Mary Bernadine Dias '98 says hands-on instruction and the chance to do research at Hamilton have had "revolutionary" consequences in her life. When she first arrived on campus, Dias barely knew how to turn on a computer. Yet she enrolled in physics professor Brian Collett's Electronics and Computing class, which, Collett explains, is "about how stuff works -- everyday stuff, like electronic devices." The lesson plan for each class is straightforward. "First the students read about how things should work," says Collett. "Then they sit down and check it out for themselves."

"Definitely one of the fun things about the class was the hands-on experience," Dias recalls. "That was my first exposure to robotics, and I found it quite fascinating." For her class project, she programmed a robotic arm to pick up a cup of water. That led to her senior project: designing and building an "intelligent" robot with cameras for eyes and wheels for legs.

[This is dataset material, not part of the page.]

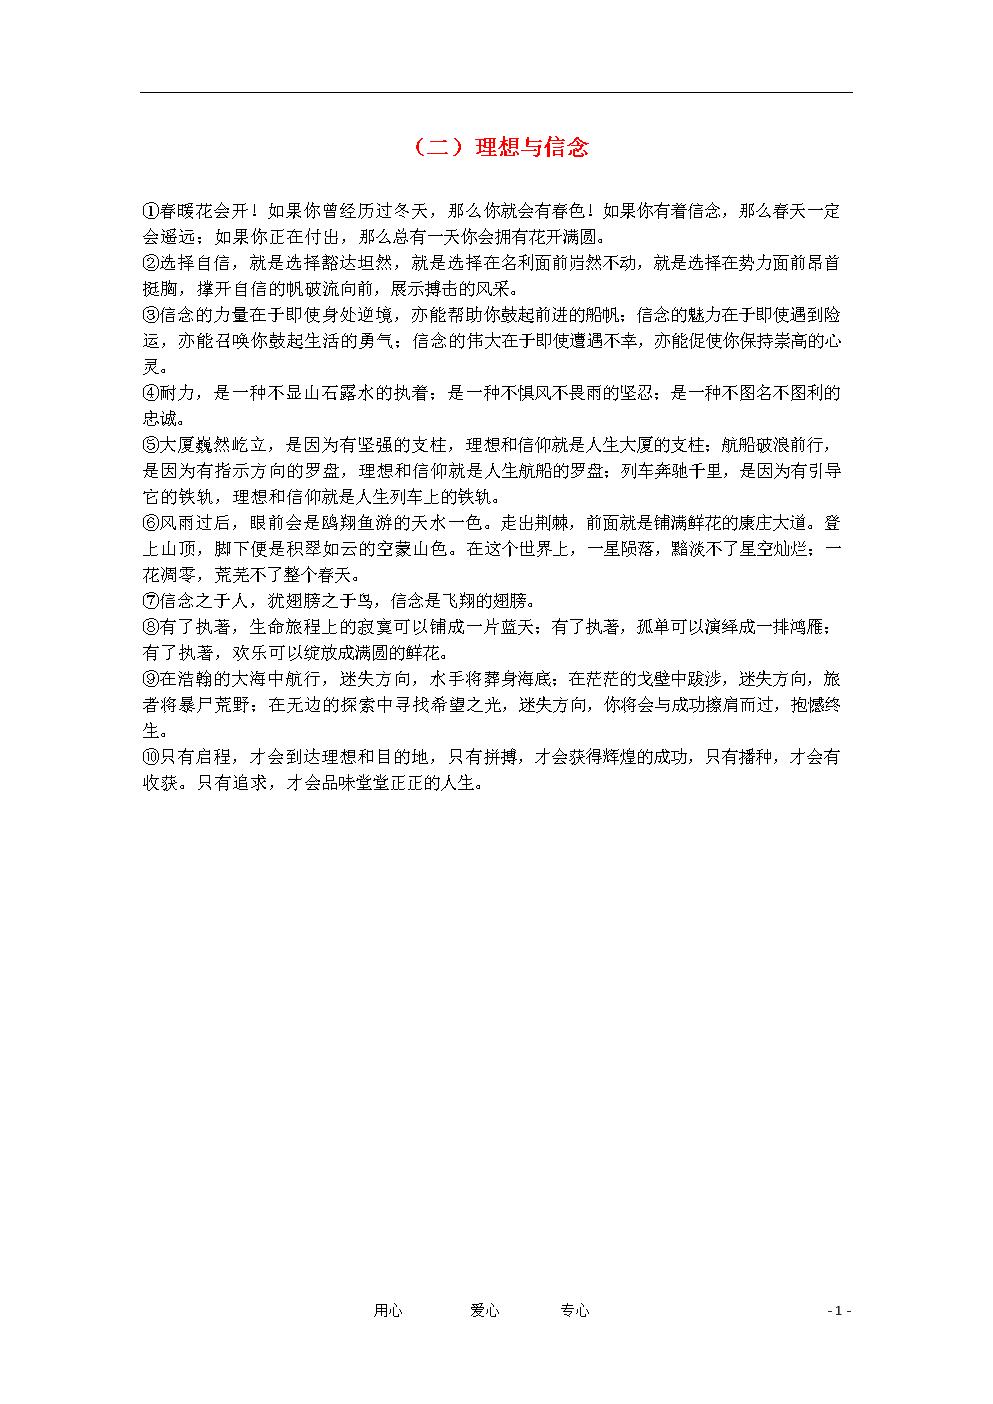 段 二 理想与信念素材.doc图片

"To learn about the cameras I visited a Hamilton alum (Andrew Miller '95) at Columbia University," says Dias. "He introduced me to his advisor, who asked about my project and said, 'You must go to grad school in robotics!' I came back to campus and told my advisor, 'Isn't that funny? -- me getting a Ph.D. in robotics?' And he said, 'Not at all,' and handed me a bunch of grad school applications to fill out!"

For the past four years, Dias has been working on a Ph.D. in robotics at Carnegie Mellon University. There, she's part of a team of NASA-funded researchers working to develop robots that collaborate in groups; the ultimate goal is to put a team of research robots on Mars, but Dias has her eyes on another goal -- a career where she can use computers and technology for positive social change in developing nations.

Dias credits her acceptance at several prestigious grad schools to her solid research experience at Hamilton. "In science there's a kind of bias against students who apply to grad schools from liberal arts colleges," she notes. "So it's impressive that Hamilton sees so many of its students accepted to grad school. It's partly because of the way teaching is structured, but it's also the way students are encouraged to do research."

Biology's Festin agrees. "I believe Hamilton students have an advantage over other students," he says. "They are exposed to grad-level resources at an undergraduate institution. If they decide to go on to grad school, they are very well-prepared."

At the same time, Dias appreciates Hamilton's identity as a liberal arts institution. "Having gone through that curriculum, I find myself much stronger in communication skills -- writing papers, presentations, even interacting with others -- than students who had a straight science education," she says.

Hamilton's new Science Center is on budget and on schedule. The stairs are in, most of the roof is on, and on the north side of the building, huge plate-glass windows are in place. Inside, carpenters are hammering away, building casements and cabinets from sustainable hardwoods. The 622 tons of Pennsylvania limestone needed to finish the building's exterior are on order.

It's obvious that this physical structure is built on a strong foundation. Undetectable via Webcam, but just as strong, is the building's philosophical foundation: that science exists not as a body of facts to be transferred from professor to student, but as a dialogue and a mutual experience of discovery. Reflecting back on his own experiences in college science classes, Weldon revels in the changes at Hamilton. "Science is, by its very nature, hands-on and collaborative," he says. "By teaching science this way, with hands-on labs and opportunities for research, we prepare first-rate scientists. What's more, we prepare first-rate citizens -- people who understand how science impacts everyday life."
 

 

Cynthia Berger has worked as a lab instructor for large-enrollment first-year biology classes. She is currently a science writer living in central Pennsylvania.